TrabiAAV is an unique and highly versatile patented viral delivery platform for the delivery of miRNAs, ShRNAs, immunogens developing clinical significance in gene therapy and CRISPR/cas 9 technologies also. Adeno Associated Virus (AAV) has emerged as an efficient viral delivery based tool for stable expression of miRNA and ShRNAs apart from its versatility in delivering single or multiple immunogens, modulating gene expression as in gene therapy and also, currently gaining its importance in the emerging CRISPR/cas 9 gene editing technologies.

Most commonly used viral vectors for gene delivery include Retroviral, Adenoviral and Adeno-Associated viral vectors.  These are derived from human pathogens by modification or deletion of essential vial genes, thus rendering them non-pathogenic.
Viral vectors generally possess broad tropism, so different types of cells and tissues may be targeted.

However, concerns surrounding immunogenicity and insertion mutagenesis have been raised in the case of retro and adenoviral vectors thereby posing serious safety concerns over these two routes. Safety issues were further highlighted when a clinical trial patient died four days after receiving adenoviral therapy for treatment of ornithine transcarbamylase deficiency.

Practical challenges include limitations in the size of the transgene that recombinant viruses can carry as well as issues related to the production of viral vectors.
In contrast, our recombinant patented Adeno-Associated Virus (rAAV) based system avoids all the hurdles and risks cited above, while presenting an efficient and effective delivery platform for ShRNA and miRNA drugs.

TrabiAAVTM has demonstrated a unique ability to deliver miRNA and shRNA in an efficient, effective manner.

In In-vitro experiments, TBL-0404 exhibited remarkable infection efficiencies of respective cell lines and promoted apoptosis.

In In-vivo Proof-Of-Concept studies, TBL-0404 demonstrated remarkable tumor regression in liver cancer xenografts model.

RNA interference (RNAi) technology is one of the most exciting discoveries of the past decade in functional genomics and a next step in the molecular revolution, redefining drug discovery and target validation. Significantly, the technology has the potential to fundamentally change the drug discovery and development process.

RNAi is a mechanism used by cells to regulate the expression of genes and replication of viruses. The RNA interference mechanism uses short interfering RNA (siRNA) to induce the destruction of target RNA using naturally occurring cellular protein machinery. Harnessing the natural phenomenon of RNAi holds potential for the development of a new class of drugs with specificity towards a wide range of diseases that result from undesirable protein production or viral replication.

Although the phenomenon was first observed in plants, the term 'RNAi' was coined in 1998 after Andrew Fire and colleagues at the Carnegie Institute in Washington found that injecting double stranded RNA into the nematode worm Caenorhabditiselegans caused gene silencing.

A major stumbling block for the technology was that RNAi could not be used in mammals due to induction of the toxic interferon response by dsRNA. However, with the discovery by Thomas Tuschl and colleagues at the Max Planck Institute in Germany in 2001, that gene silencing could be induced in mammalian cells by short, 21-22 nucleotide long dsRNAs, so-called 'short interfering' (si) RNAs, without causing the interferon response.
The mediators of RNA interference are 21- and 23-nucleotide small interfering RNAs (siRNA). In a second step, siRNAs bind to a ribonuclease complex called RNA-induced silencing complex (RISC) that guides the small dsRNAs to its homologous mRNA target. Consequently, RISC cuts the mRNA approximately in the middle of the region paired with the antisense siRNA, after which the mRNA is further degraded. In essence, once inside the cell RNAi is processed into short 21-26 nucleotide RNAs termed siRNAs that are used in a sequence-specific manner to recognize and destroy complementary RNA.

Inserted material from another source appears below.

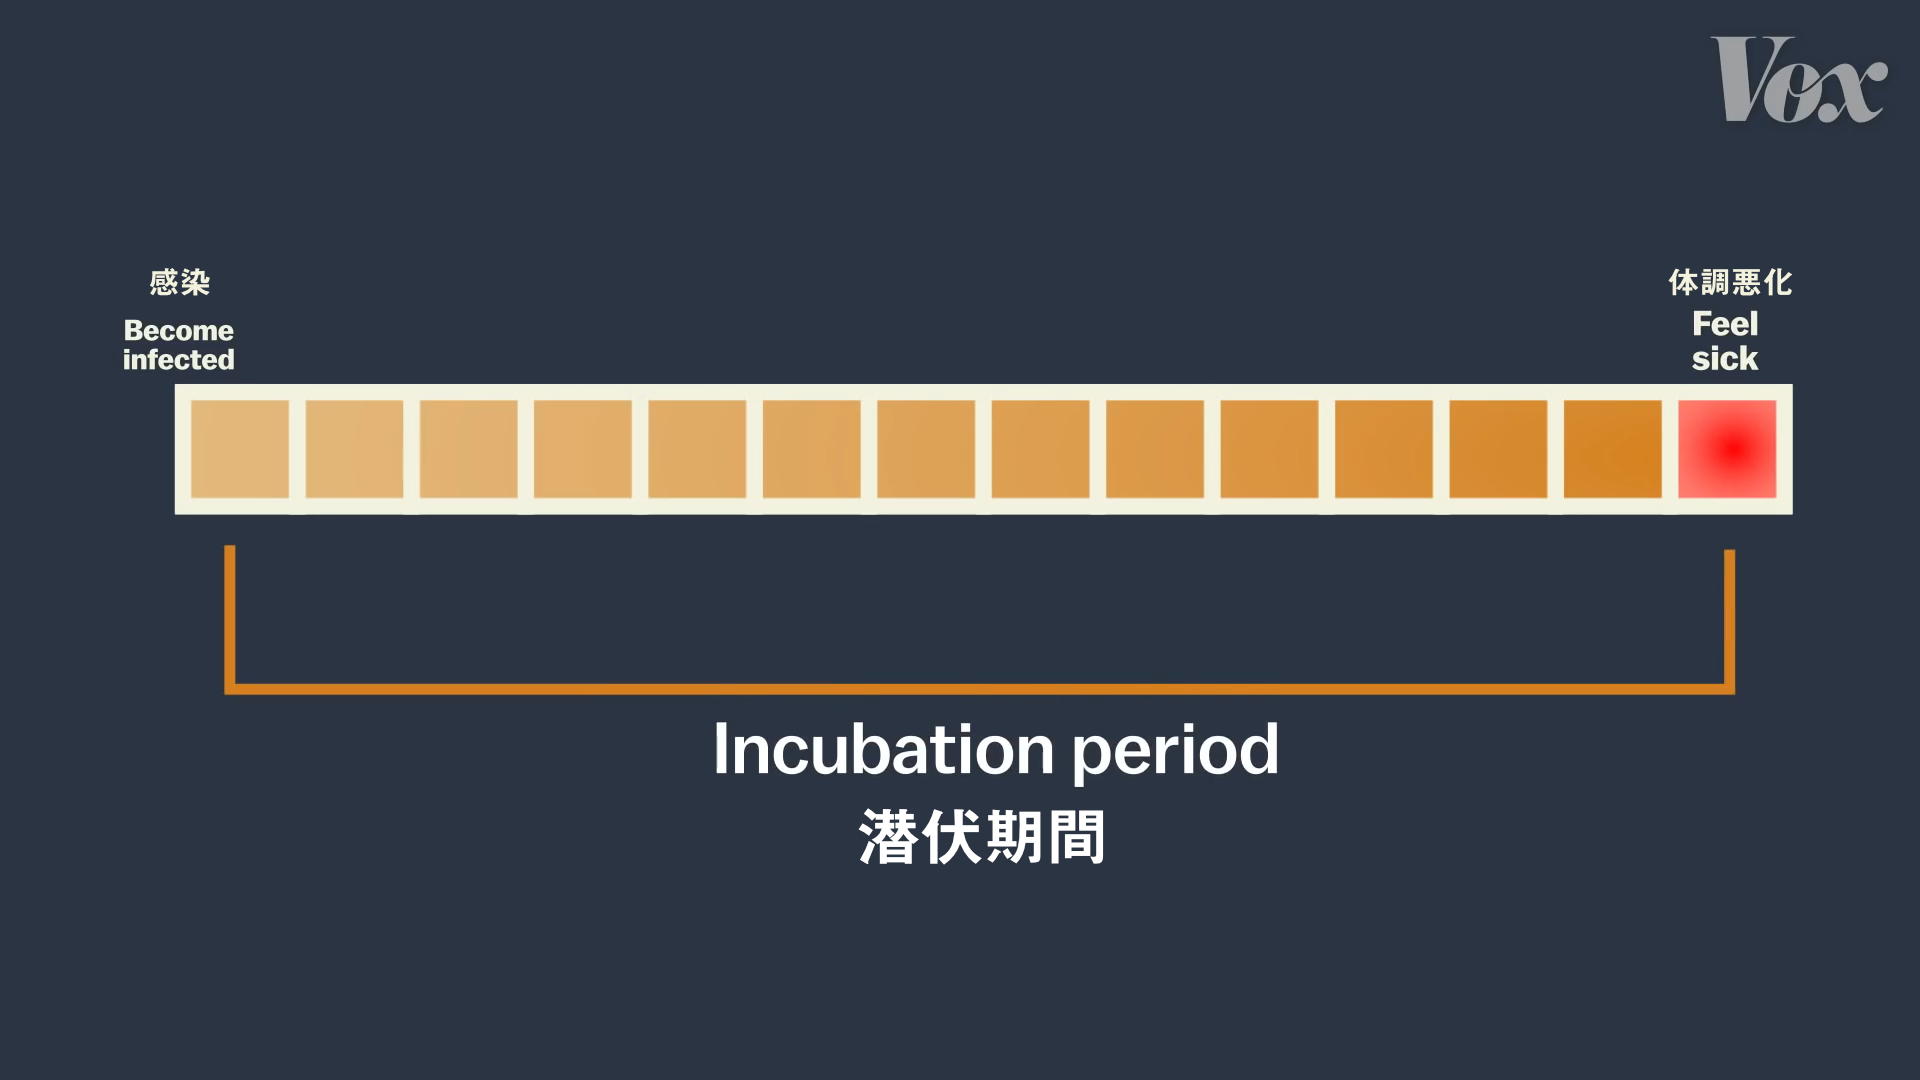 f:id:Imamura:20200408133308p:plain

As every cell contains the RNAi machinery and any gene can be targeted with a good deal of specificity, the prospect of specifically suppressing the expression of disease-causing genes has generated a lot of enthusiasm for developing RNAi-based therapies. Because RNAi is an endogenous and ubiquitous pathway, the effectiveness of gene silencing achieved with RNAi surpasses what has been possible in the past using other small nucleic acids, such as antisense oligonucleotides or ribozymes. In one head-to-head comparison, siRNAs knocked down gene expression about 100–1000 fold more efficiently than antisense oligonucleotides.

The development of RNAi technology was voted by the journal, Science, as the 'breakthrough of the year' in 2002.

Monoclonal antibody therapy is the use of monoclonal antibodies (or mAb) to specifically bind to target cells. This may then stimulate the patient's immune system to attack those cells. It is possible to create a mAb specific to almost any extracellular/ cell surface target, and thus there is a large amount of research and development currently being undergone to create monoclonals for numerous serious diseases (such as rheumatoid arthritis, multiple sclerosis and different types of cancers). There are a number of ways that mAbs can be used for therapy. For example: mAb therapy can be used to destroy malignant tumor cells and prevent tumor growth by blocking specific cell receptors.